Тесное сообщество, собравшееся тогда в «Клубе», в свое время возникло благодаря Федеральному художественному проекту Управления общественных работ в США эпохи Великой депрессии. В рамках него художникам еженедельно платили немного денег, чтобы они могли как-то выживать и продолжать творить. К 1951 г. круг «Клуба» расширился: его ряды пополнили представители следующего поколения. Некоторые давние члены «Клуба» презирали художников из так называемого второго поколения. Ведь тем не пришлось страдать – ни в финансовом отношении, ни как творческим людям, – как их старшим товарищам. Поэтому некоторые мужчины постарше предлагали запретить молодежи участвовать в выставке. Особенно яростно они выступали против участия молодых художниц, считая, что сам факт присутствия на выставке работ женщин умалит ее значимость и серьезность. Они утверждали: настоящее искусство – дело исключительно мужское. Женщины не бывают новаторами; их работы обычно носят бытовой, декоративный характер. Да, среди членов «Клуба» встречались женщины-художницы и вносили оживление в их встречи. Но кое-кто из представителей первого поколения не были готовы признать их профессиональные заслуги и отмечали только «девчачьи» достоинства: хорошая фигурка, красивые волосы, отличные ноги. Однако после долгих и бурных дебатов ворчунам-старожилам все же пришлось сдаться. В отличие от музеев и галерей в Верхнем Манхэттене, экспозиция на Девятой улице должна была стать пространством для всех. «Главная идея выставки состояла в том, что мы все равны… все простые художники… и это не просто слова», – объяснял Резник[12].


А тем временем в бывшем мебельном магазине кипела работа. Чтобы увеличить выставочное пространство, художники построили перегородки. Они провели освещение, побелили стены и вымыли полы. Через две недели все было готово. Учитывая, как бурно обсуждалось участие в выставке тех или иных художников, все сошлись на том, что к решению следующего важного вопроса – кто именно где будет выставляться – нужно подойти максимально дипломатично. Если его будет принимать член «Клуба», то его наверняка обвинят в том, что он выделил лучшие места для своих друзей. Нужен был посторонний, и найти такого оказалось совсем несложно[13].

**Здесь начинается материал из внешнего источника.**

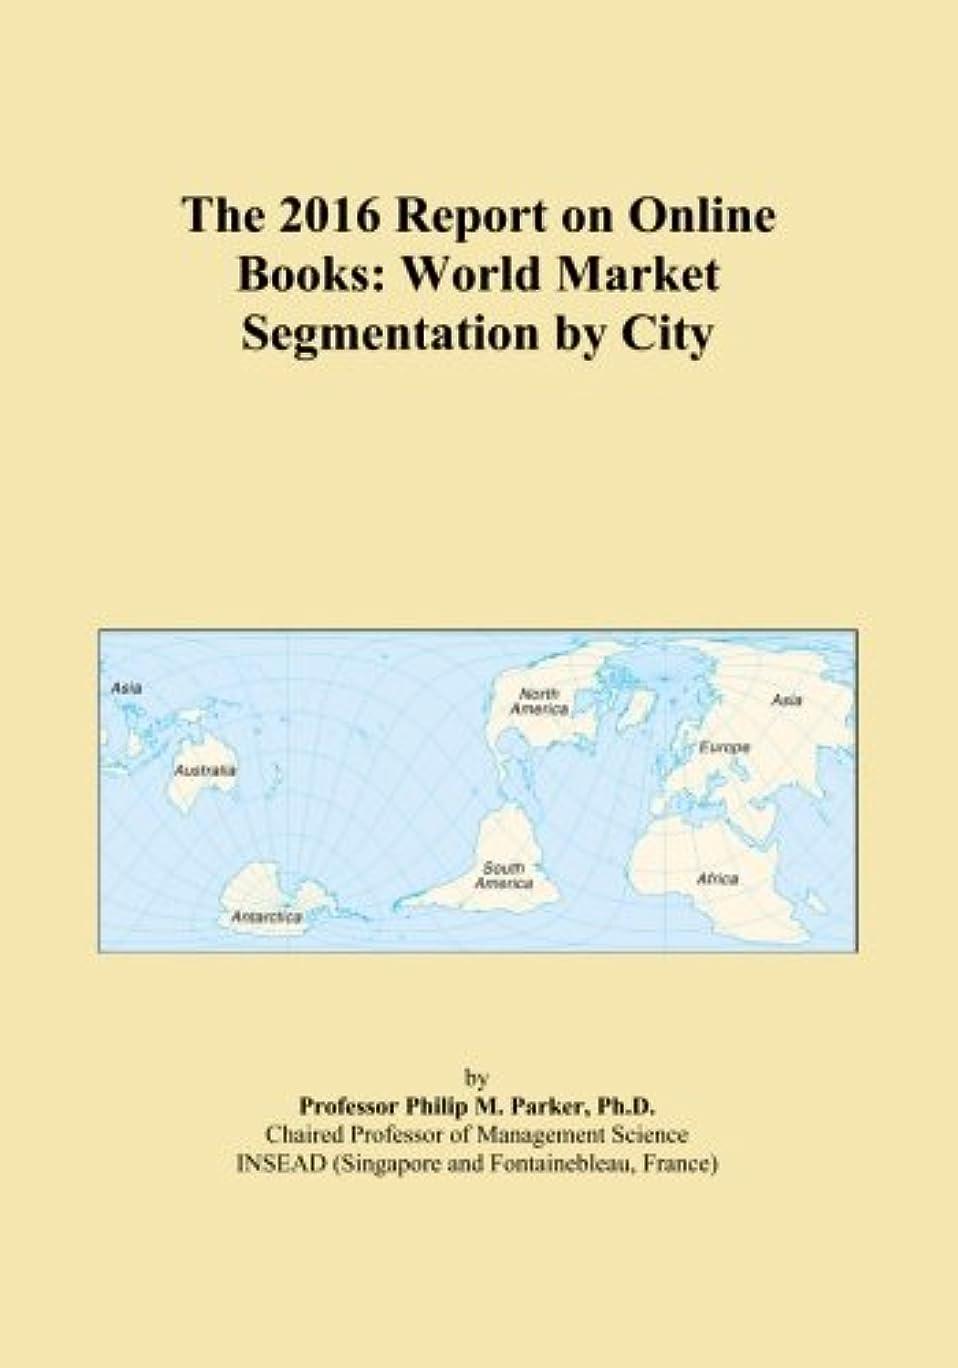 活性化バリケード愛人The 2016 Report on Online Books: World Market Segmentation by City

Лео Кастелли эмигрировал из Европы в 1939 г., незадолго до того, как Париж был захвачен нацистами. Перед отбытием он организовал потрясающую выставку сюрреалистического искусства в здании рядом с отелем «Ритц» на Вандомской площади. Кастелли приехал в США по поддельным документам с женой и дочерью. Оставив их в Нью-Йорке, он практически сразу вступил в американскую армию. Лео служил в разведывательном подразделении, дислоцировавшемся в Бухаресте[14]. Когда война кончилась, он стал «министром без портфеля», или, как выразился один художник, «ангелом-хранителем» Гринвич-Виллидж[15]. Этот миниатюрный, всегда одетый с иголочки черноглазый джентльмен с изысканным североитальянским акцентом предпочитал компанию художников обществу производителей текстиля. С ними Кастелли связывали непосредственные деловые отношения, ведь он был представителем фирмы своего свекра, работавшей в этой области. Его друзья-художники толком даже не знали, чем этот парень зарабатывает на жизнь. Например, некоторые думали, что он управлял фабрикой по выпуску футболок в Квинсе. Но обитатели Гринвич-Виллидж не сомневались: у Лео остались связи с парижским миром искусства и он надеется со временем открыть художественную галерею в Нью-Йорке[16].

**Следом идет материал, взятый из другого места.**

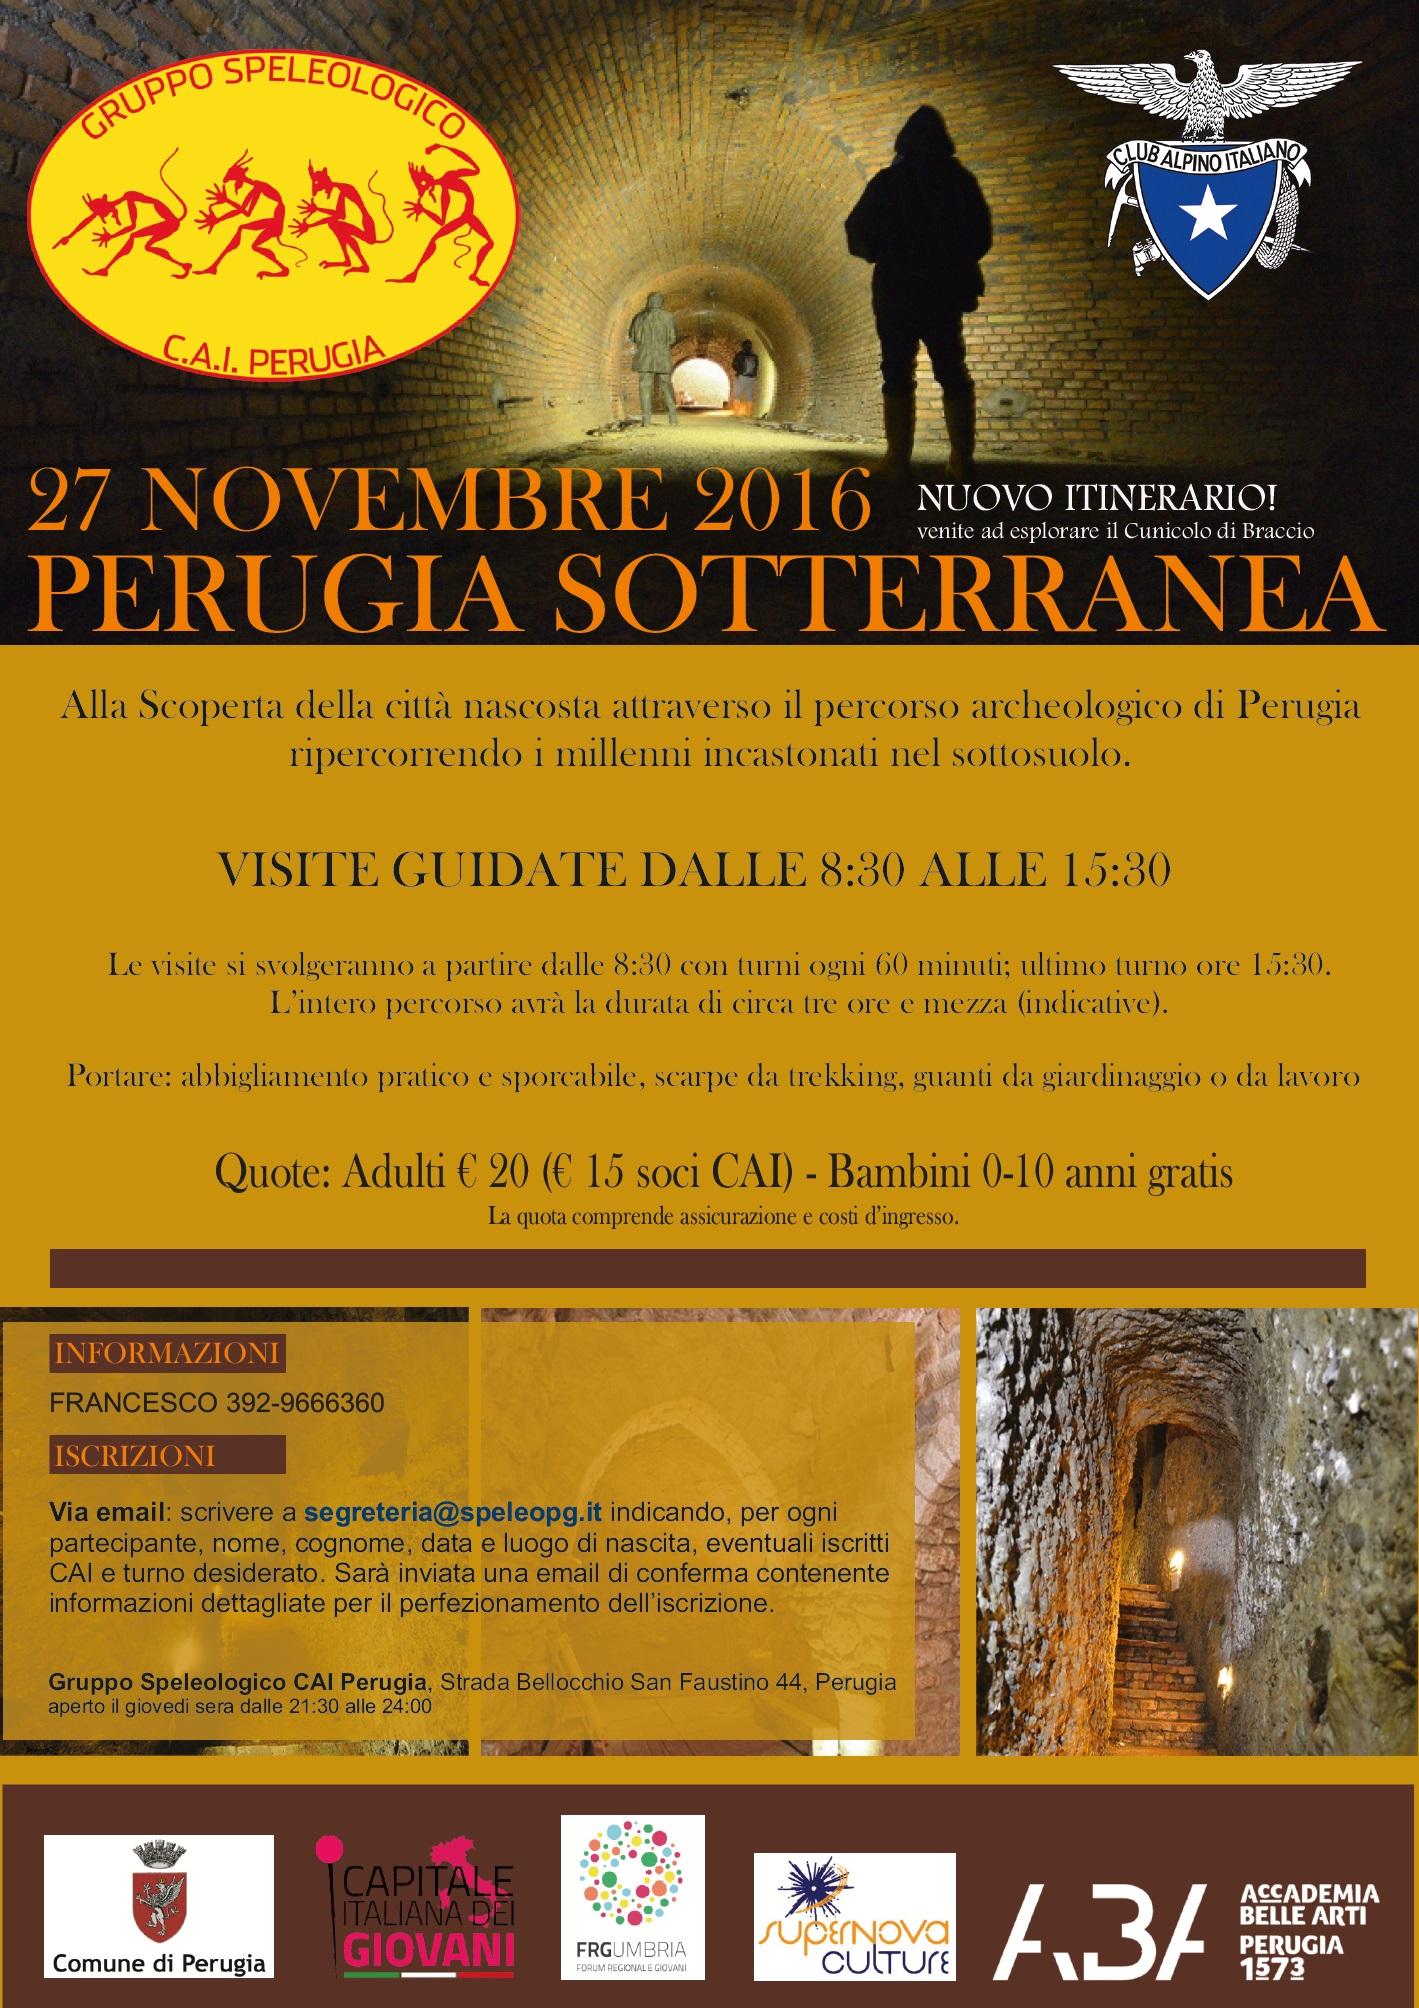 Perugia sotterranea 27/11/2016 iscrizioni aperte!

Словом, Кастелли оказался именно тем, кого они искали. Он был вежливым и любезным: почти всегда мило улыбался и мало говорил. Лео умел размещать произведения искусства в выставочном пространстве, и у него водились деньги (на самом деле куда меньше, чем думали художники, но все равно больше, чем у них). По словам художника Фриделя Цубаса, Кастелли был одним из немногих жителей Верхнего Манхэттена, обладавших «некоторой финансовой свободой, которые не гнушались тесно общаться с мужланами из Даунтауна. Лео у нас нравилось все»[17]. И вот организаторы спросили Кастелли, не хотел бы он руководить размещением работ на предстоящей выставке на Девятой улице. Его первой реакцией был неподдельный ужас. «Да они же меня прибьют», – сказал Кастелли, только представив себе, что будет, если местные художники заподозрят его в предвзятости. В ответ на это Резник посоветовал ему просто проследить за тем, чтобы самые известные имена не оказались на лучших местах, и тогда все было бы хорошо[18]. А в обмен на услуги Кастелли – и на деньги, которые он согласился потратить в случае возникновения непредвиденных расходов, – Виллем де Кунинг и некоторые другие художники пообещали подарить по одной своей картине[19]. Разумеется, в те времена о денежной ценности их произведений речи не шло, но художники сочли это адекватным жестом благодарности человеку, готовому взяться за столь важную и деликатную миссию. И Лео согласился.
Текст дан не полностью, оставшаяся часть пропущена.